● **The data**
::::::

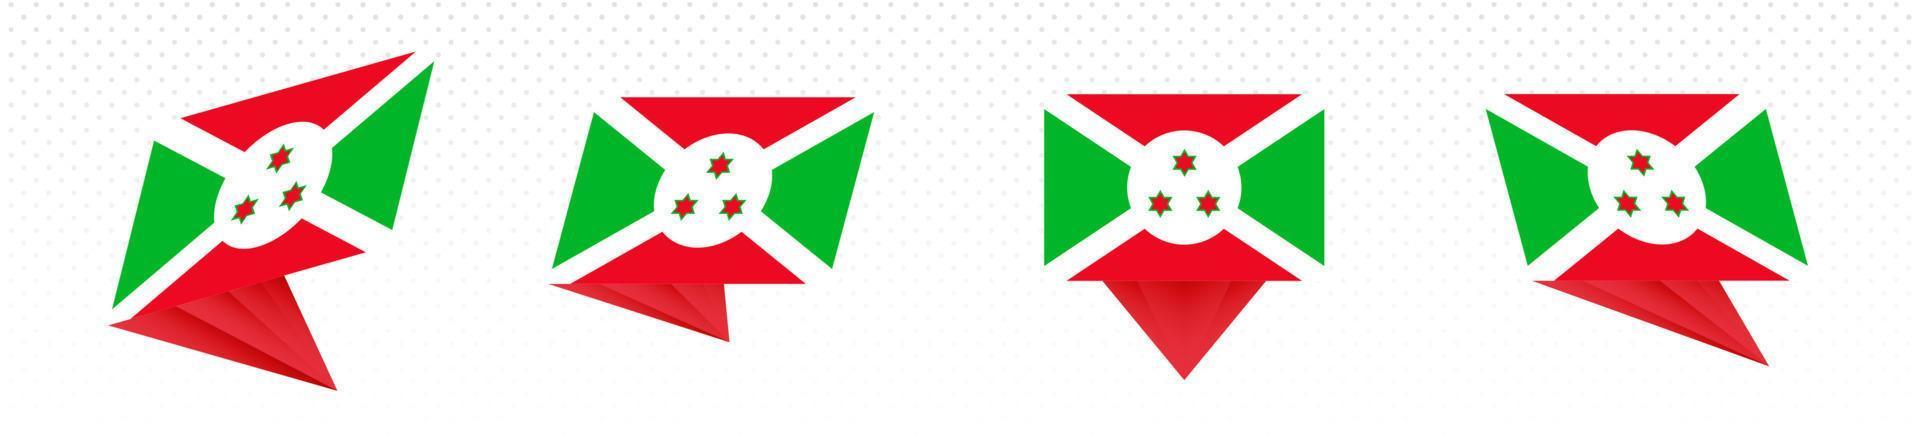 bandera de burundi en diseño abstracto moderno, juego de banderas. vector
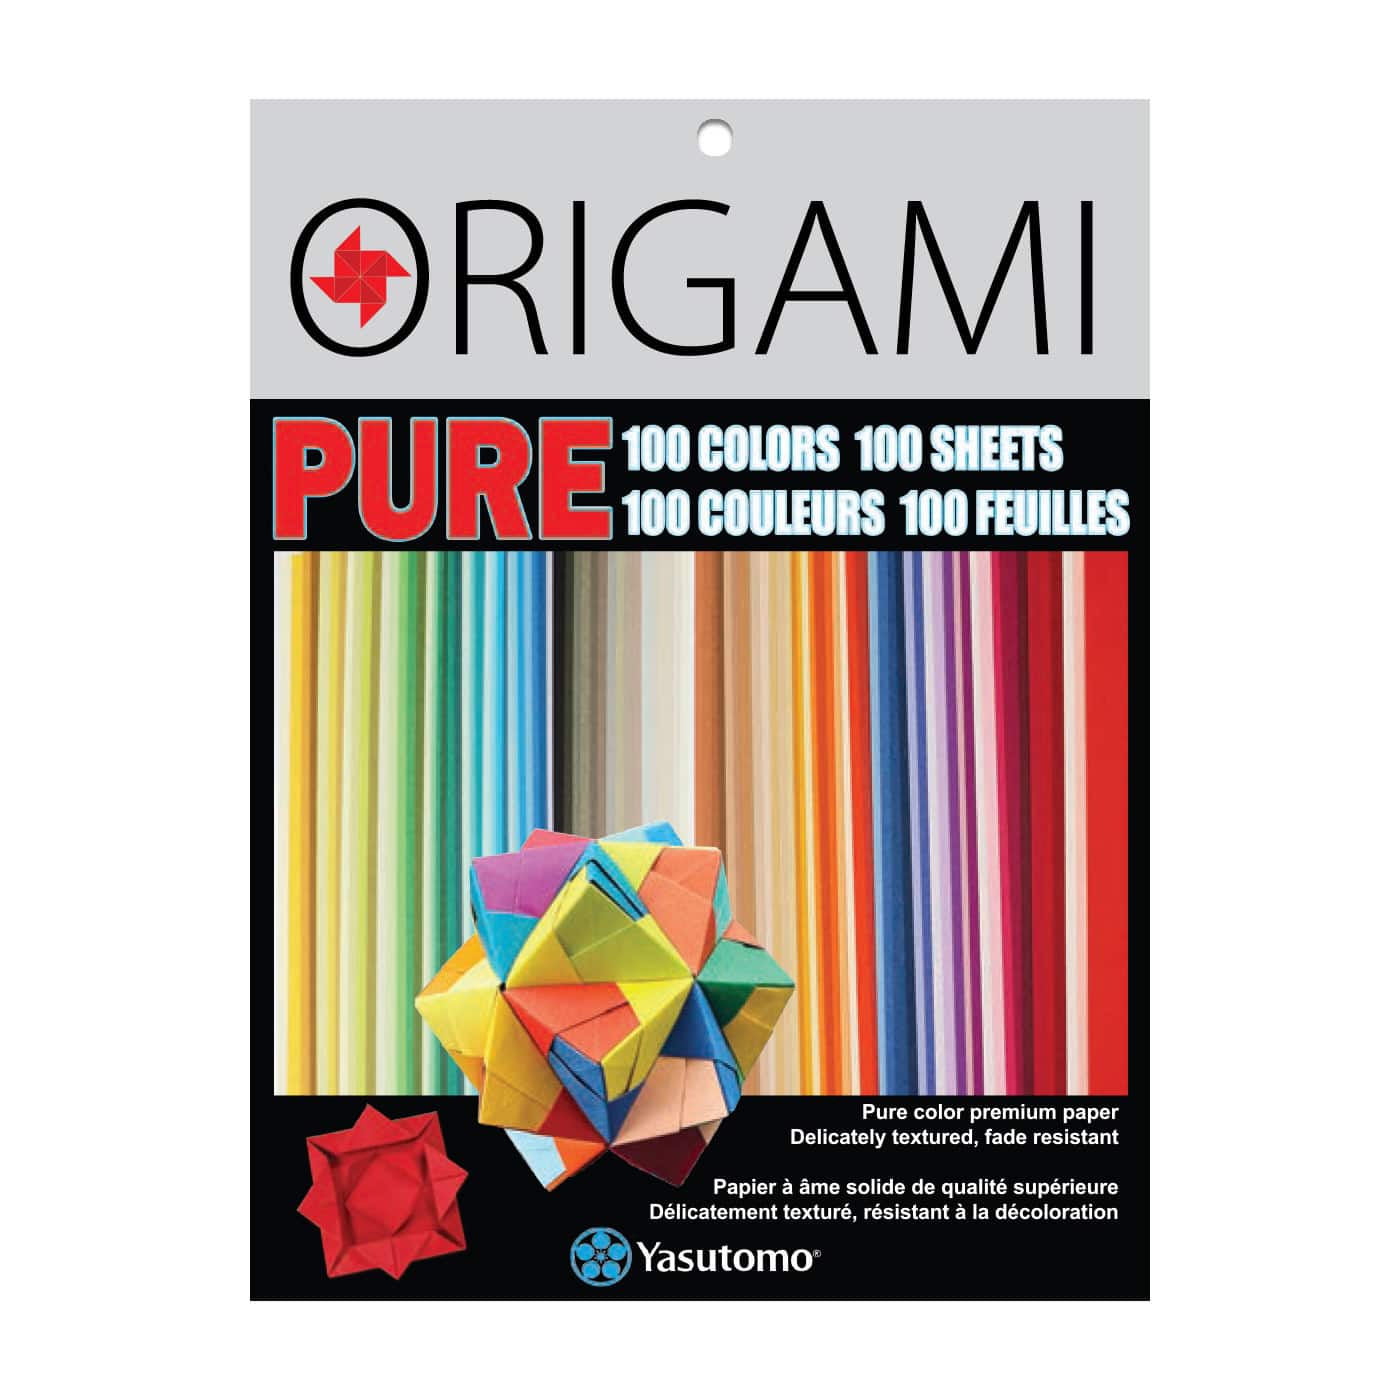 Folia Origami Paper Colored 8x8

::::::

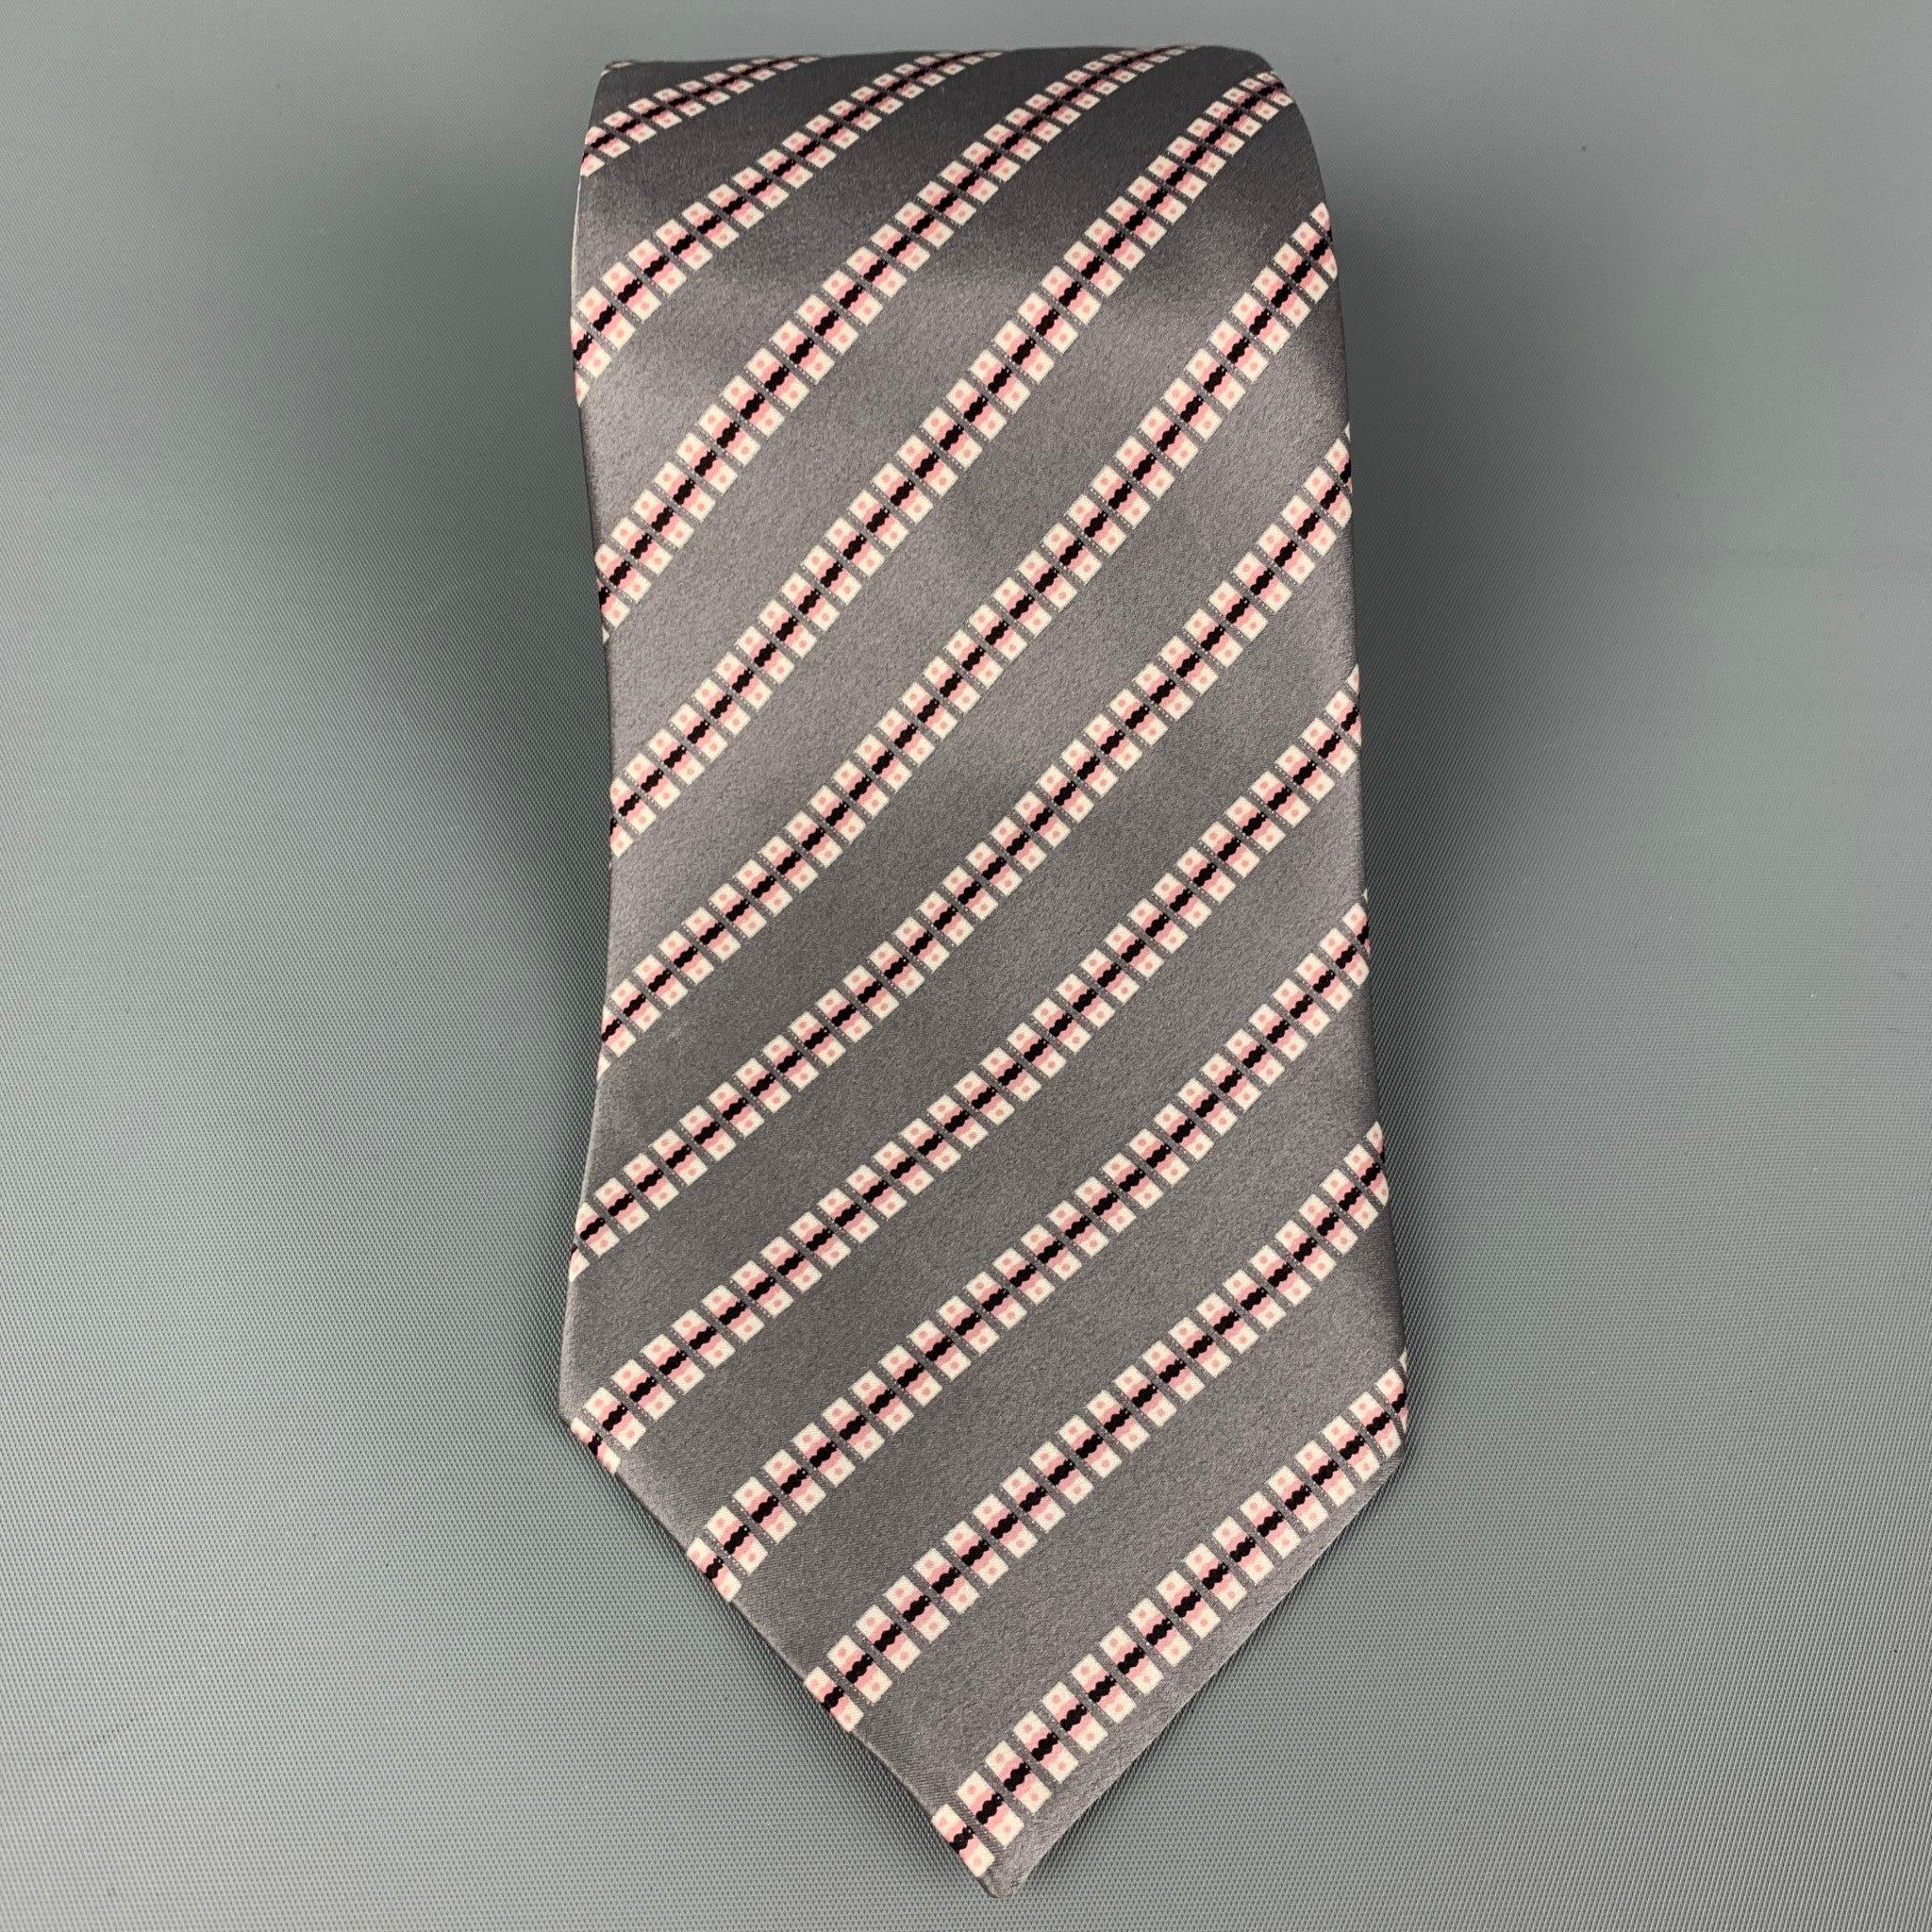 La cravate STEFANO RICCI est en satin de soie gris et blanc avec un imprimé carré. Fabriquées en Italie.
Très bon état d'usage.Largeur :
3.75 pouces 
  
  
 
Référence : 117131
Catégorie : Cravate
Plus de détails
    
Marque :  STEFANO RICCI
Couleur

::::::

● **Exercise**
Leaving all pictures out, output exactly the lines of the material above from the line with "bandera de burundi" to the line with "Folia Origami Paper Colored 8x8", both included.

● **Response to this exercise**
 bandera de burundi en diseño abstracto moderno, juego de banderas. vector
 Folia Origami Paper Colored 8x8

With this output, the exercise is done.